Why it matters: Published 29 June 2026, this is a fresh authorization bypass affecting widely-deployed Tomcat versions. Not yet KEV-listed and no CVSS assigned. Social chatter is largely advisory republication and translation; no public PoC or confirmed in-the-wild exploitation reported. Apache has issued patches (11.0.23, 10.1.56, 9.0.119).

Where it's seen: Multilingual posts on Bluesky summarizing the vulnerability and linking to security advisories; coverage includes bundled CVEs. Typical early-disclosure pattern—defenders triaging patch eligibility, no weaponization signals.
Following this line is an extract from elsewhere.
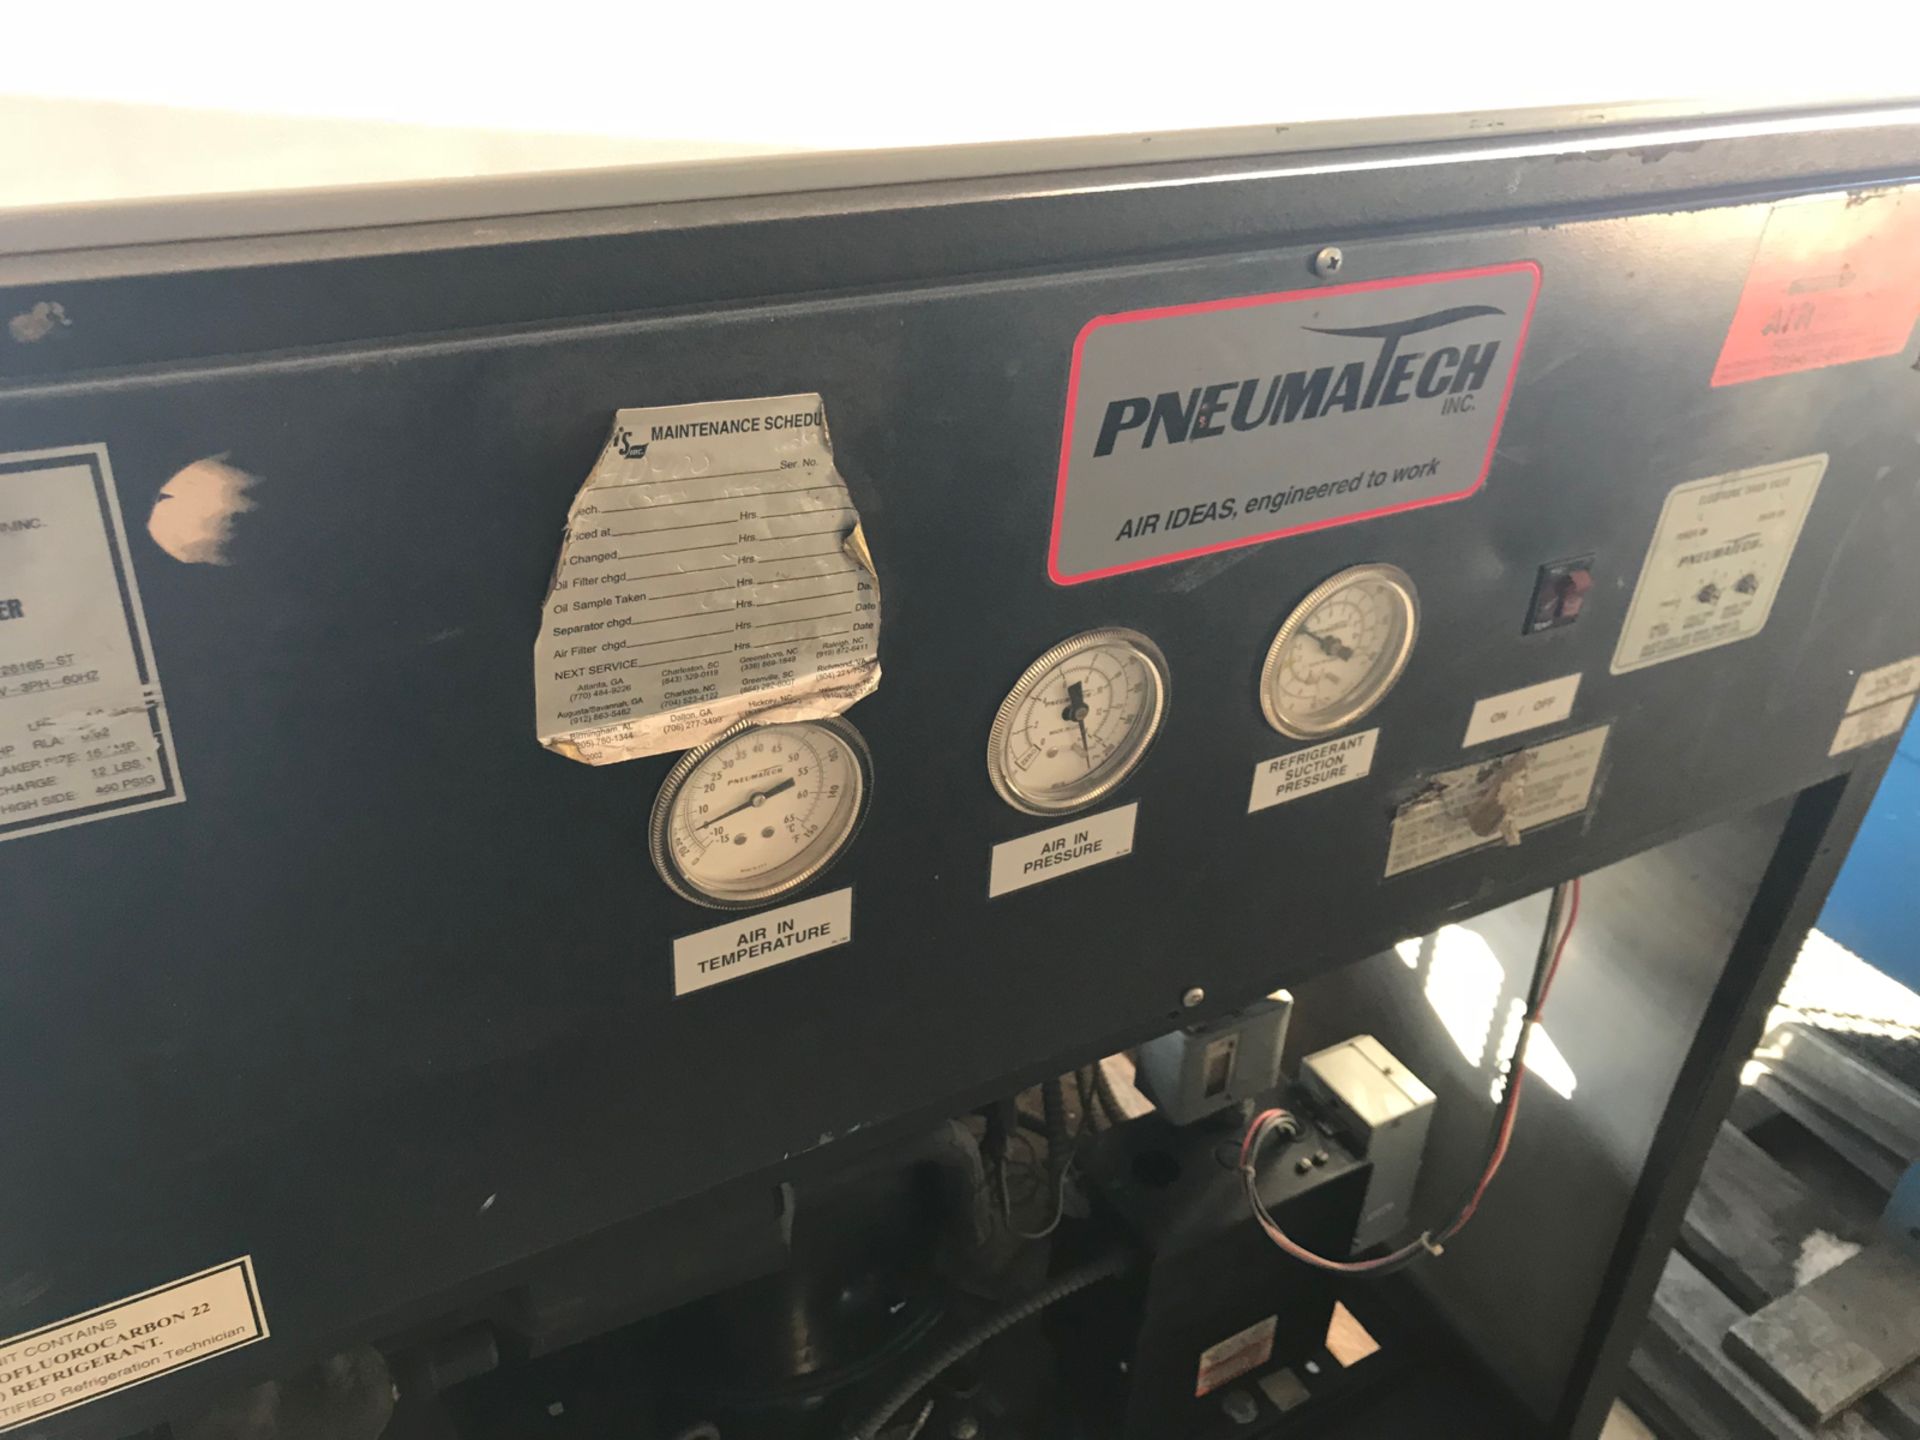 (8121) Pneumatech Non Cycling refrigerated Model #Ad-399 - Image 3 of 3

What: Improper trust boundary enforcement in Language Servers for AWS (Amazon Q Developer extension) before v1.65.0 allows arbitrary code execution and cloud credential theft when a developer opens a malicious workspace. CVSS 7.8 (HIGH).

Why it matters: AWS has issued a patch (v1.65.0+); researcher (Wiz) disclosed the flaw with real-world attack chain (malicious repo → MCP config execution → credential exfiltration). Social chatter reflects urgent patching guidance and defender triage activity. Not yet KEV-listed but vendor-acknowledged with remediation.

Where it's seen: Security researcher disclosure, vendor advisory, multi-language social amplification, defender guidance posts emphasizing immediate upgrade and repo-trust hygiene.

What: Bleichenbacher-style oracle attack on OpenSSL CMS_decrypt and PKCS7_decrypt functions via error/decryption side-channels; affects RSA PKCS#1 v1.5 key transport. CVSS 3.7 (LOW), EPSS 0.26969.

Why it matters: OpenSSL explicitly states "we are not aware of any applications that provide a remote attacker opportunity to mount an attack" and considers real-world exploitation "very unlikely." No KEV listing. Theoretical attack requiring attacker control of CMS message and ability to observe decryption side-channel—impractical in most deployments. Social chatter reflects alarm-fatigue and skepticism rather than exploitation concern.

Where it's seen: Bluesky posts use sensational framing ("Cryptographic Fortresses," "Surveillance Threats," "Systemic Failure") with minimal technical detail; no PoC, vendor advisory, or defender triage signals. Heavy repetition and speculation, light signal.